Usually on sunny days I resemble a mean alcoholic. You can spot me in a crowd by my large, red conk. It’s like a warning beacon. I could probably get employment by the coast guard to stand on top of cliffs to warn ships off the rocks. I burn, is what I’m saying. Religiously. My hair also lightens up and I almost look like a beach blonde Aussie surfer. It clashes awesomely with my lobster red nose and shiny forehead. It’s even MORE attractive than it sounds.
Still it was awesome because I like the water and I like summer and I aim to squeeze every last drop of sunshine out of it before it gets cold and I start to sulk for four months and whine about being cold. Basically this happens the second the mercury drops below 50 degrees. I wasn’t born to be cold, oh no.
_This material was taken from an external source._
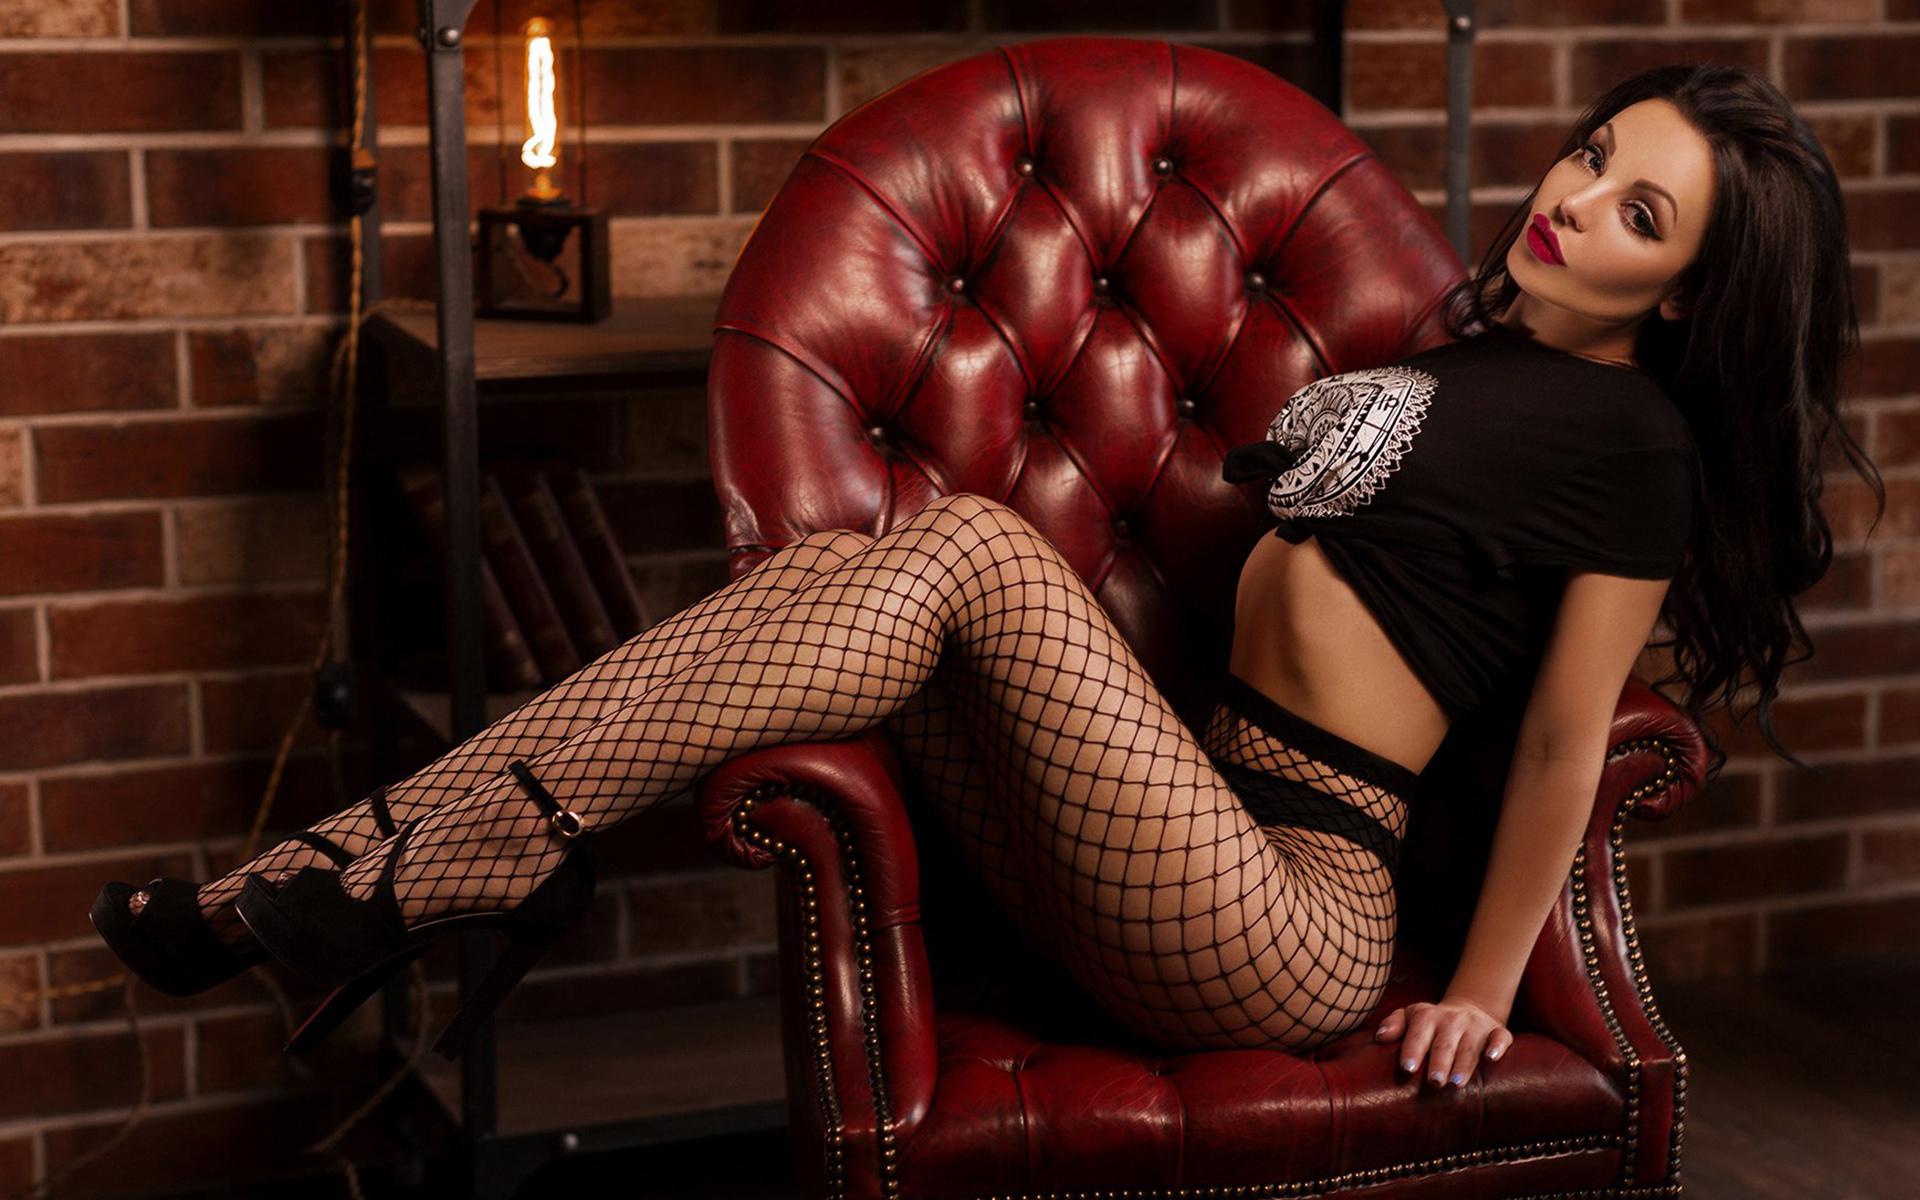 Hd элитная проститутка проститутки питера 1300
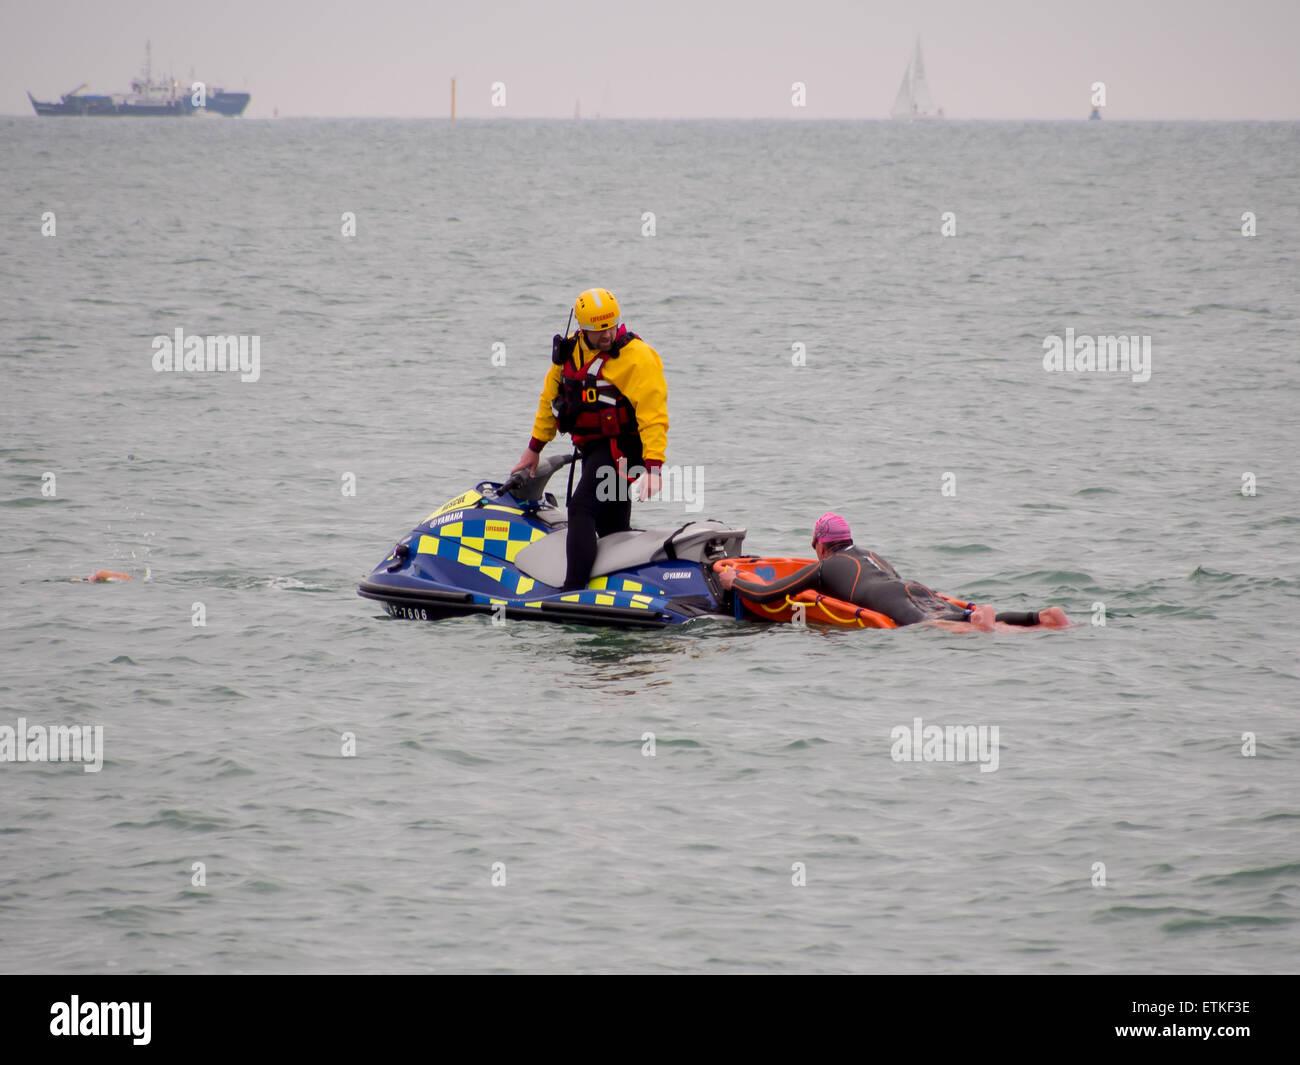 Un socorrista de una moto de agua ayuda a un nadador que está en dificultad, durante un evento en el Solent Imagen De Stock

Still, every year I suck it up and dream about balmy summer nights while wrapped in a giant fleece sweatshirt and a frown.
Then, to start the week right, last night was what I call a “satisfyingly fat night” in that I spent it in bed eating brownies, crackers and cheese and watching “South Park”. I mean I defy the Queen to have had a more luxurious, ass-fattening evening than THAT. Go on Queenie, I defy you.